Kenosi Magosha: Head of Client Solutions at Sanlam Savings
After being impacted by global turmoil previously, the markets have always recovered and will do so again – it may just take some time. It’s now more important than ever that you remain level-headed and stay the course on your savings and investment journeys. Making changes to your investment strategy at this stage could result in you not benefiting from investment returns when the market turns upwards again. Let compound interest and time work their magic on your money, without short-term, emotion-led interruptions.
That said, if your goals or needs have changed, it’s good to review your savings and investment plan with your financial planner – something you should ideally do regularly, or as your needs change, in any case.
Please consult with a financial planner before you take any action regarding your savings and investments
The best way to take advantage of volatile markets is with a recurring contribution product, because with lower average unit prices over a period of time when the market is down, you will be able to buy more units compared to when the market is up. This is referred to as rand-cost averaging. Keep making recurring payments to benefit from rand-cost averaging to really get ahead when things improve again.

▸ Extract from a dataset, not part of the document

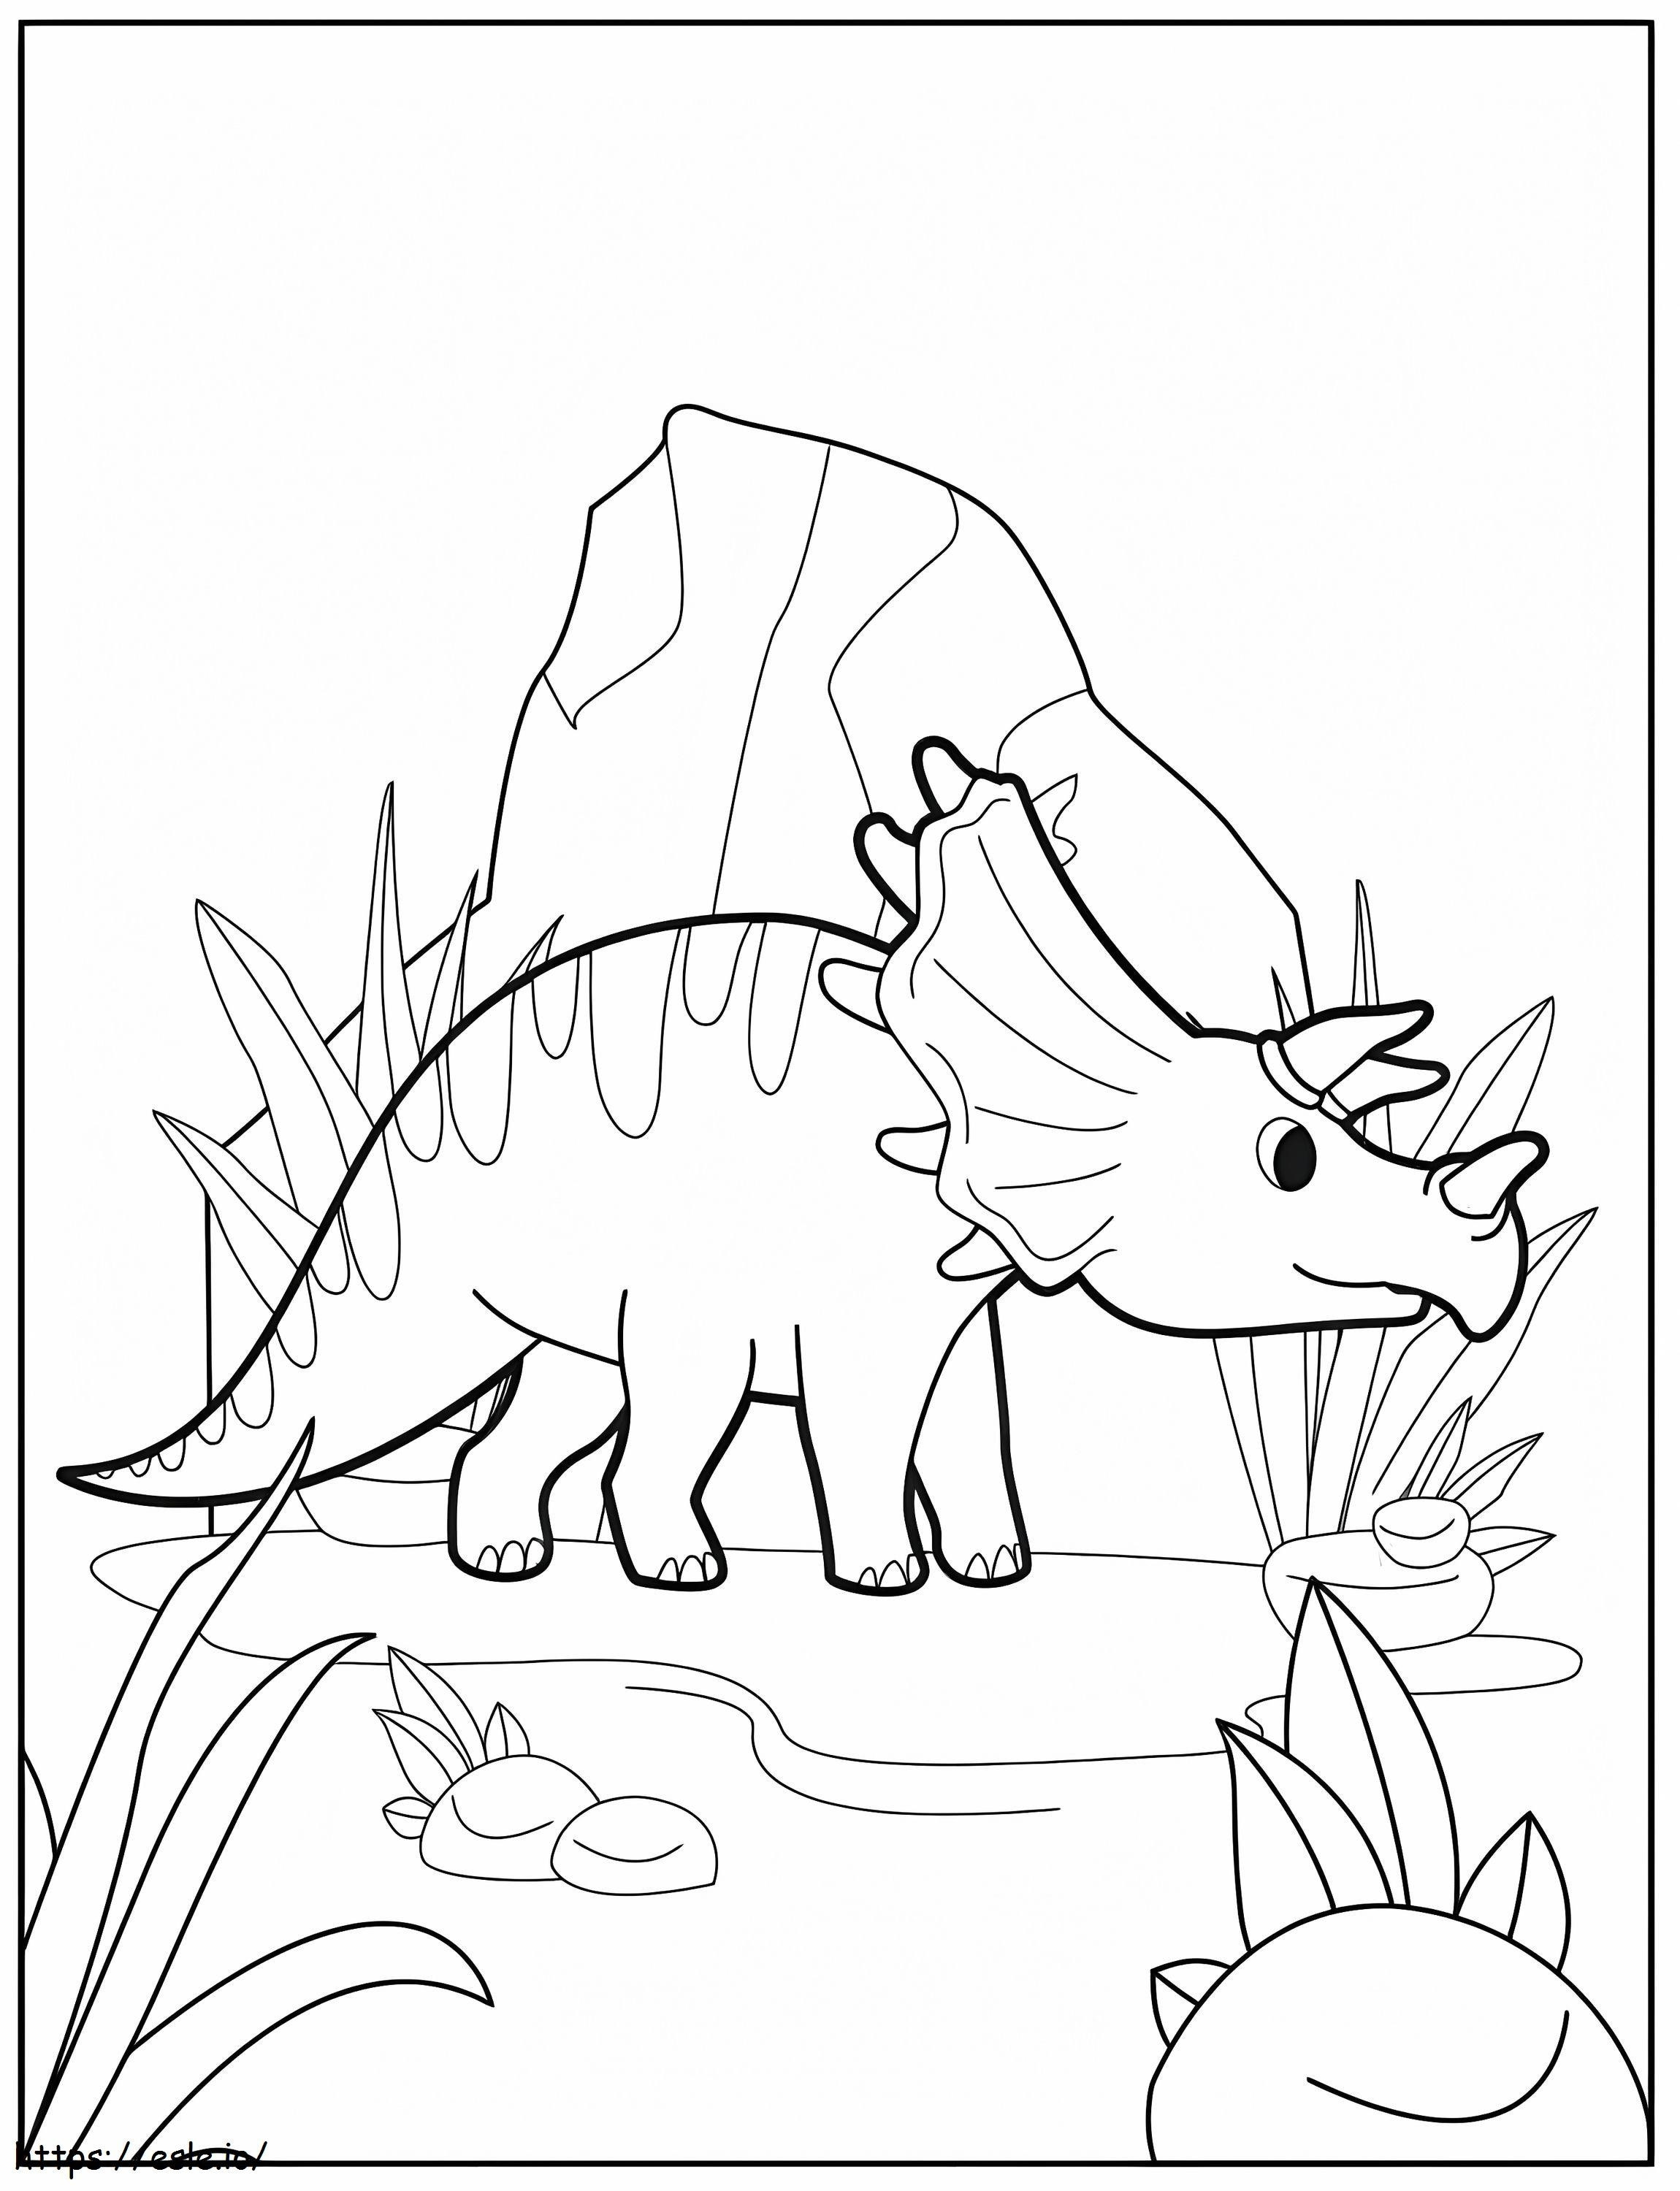 Cartoon Triceratops coloring page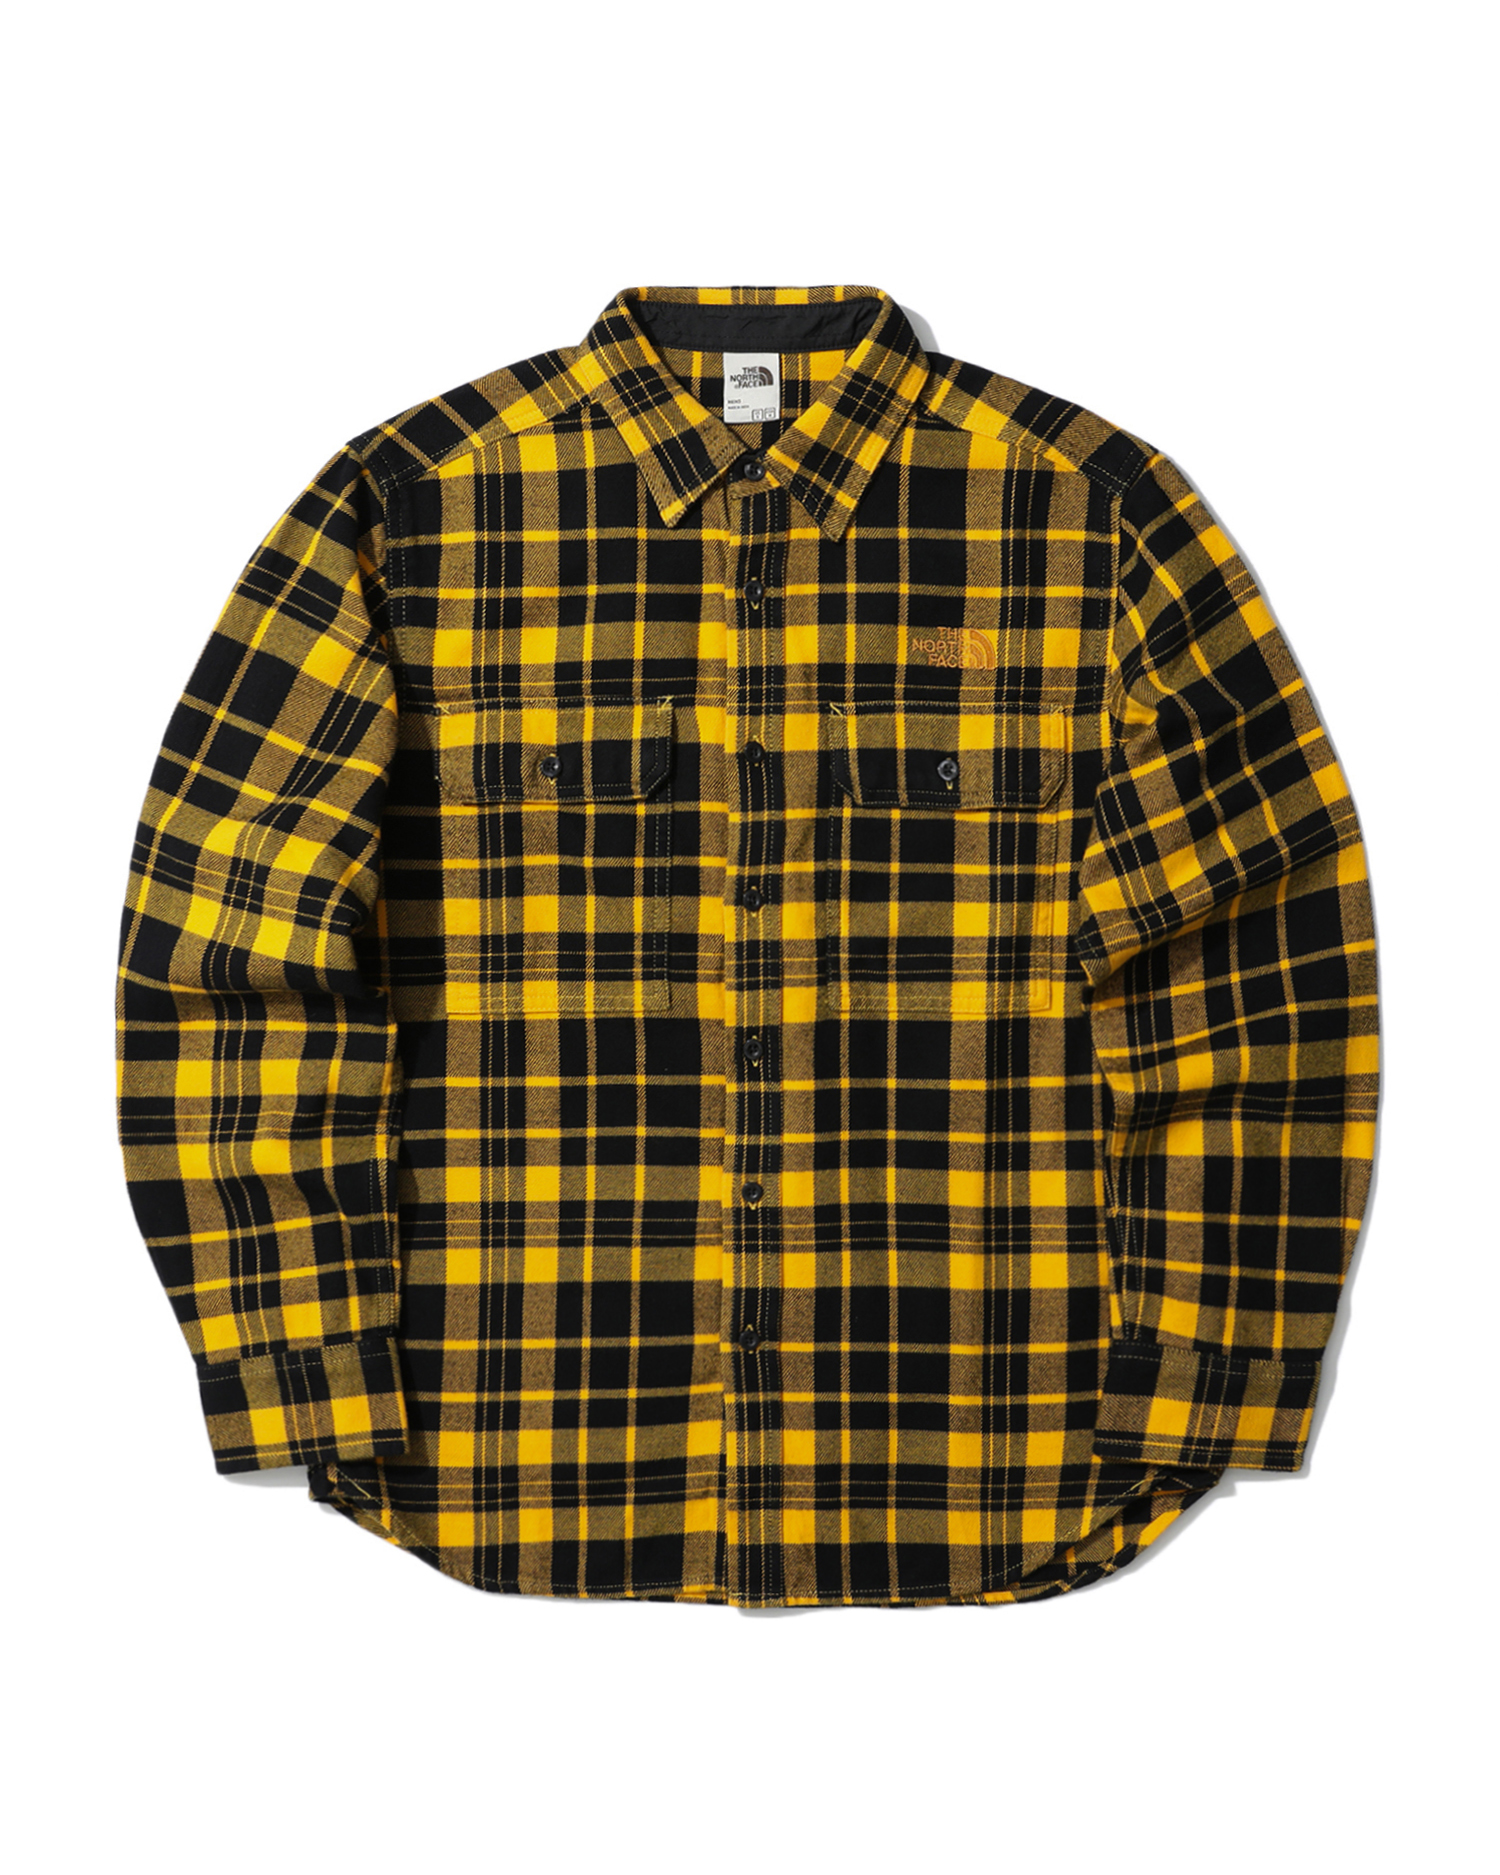 THE NORTH FACE Flannel shirt

It’s important not to make hasty decisions based on fear. Switching to a lower risk portfolio can lead to ‘locking in losses’. Remember, cashing in at a low point makes a paper loss a real loss. Whatever is happening in the markets, you need an investment strategy that’s aligned with your goals, your appetite for risk, and how long you have until you hope to retire. These are all personal and unique to you. The best way to plan for this, review this and to deal with uncertainty is through proper financial planning, together with patience and persistence with your investment strategy.
Making emotional decisions, based on short-term market fluctuations, may result in more harm than good and destroy the long-term value to your savings.
Remember: saving for retirement is a long-term strategy requiring patience and persistence. The old saying ‘It’s not about timing the market, but about time in the market’ remains true.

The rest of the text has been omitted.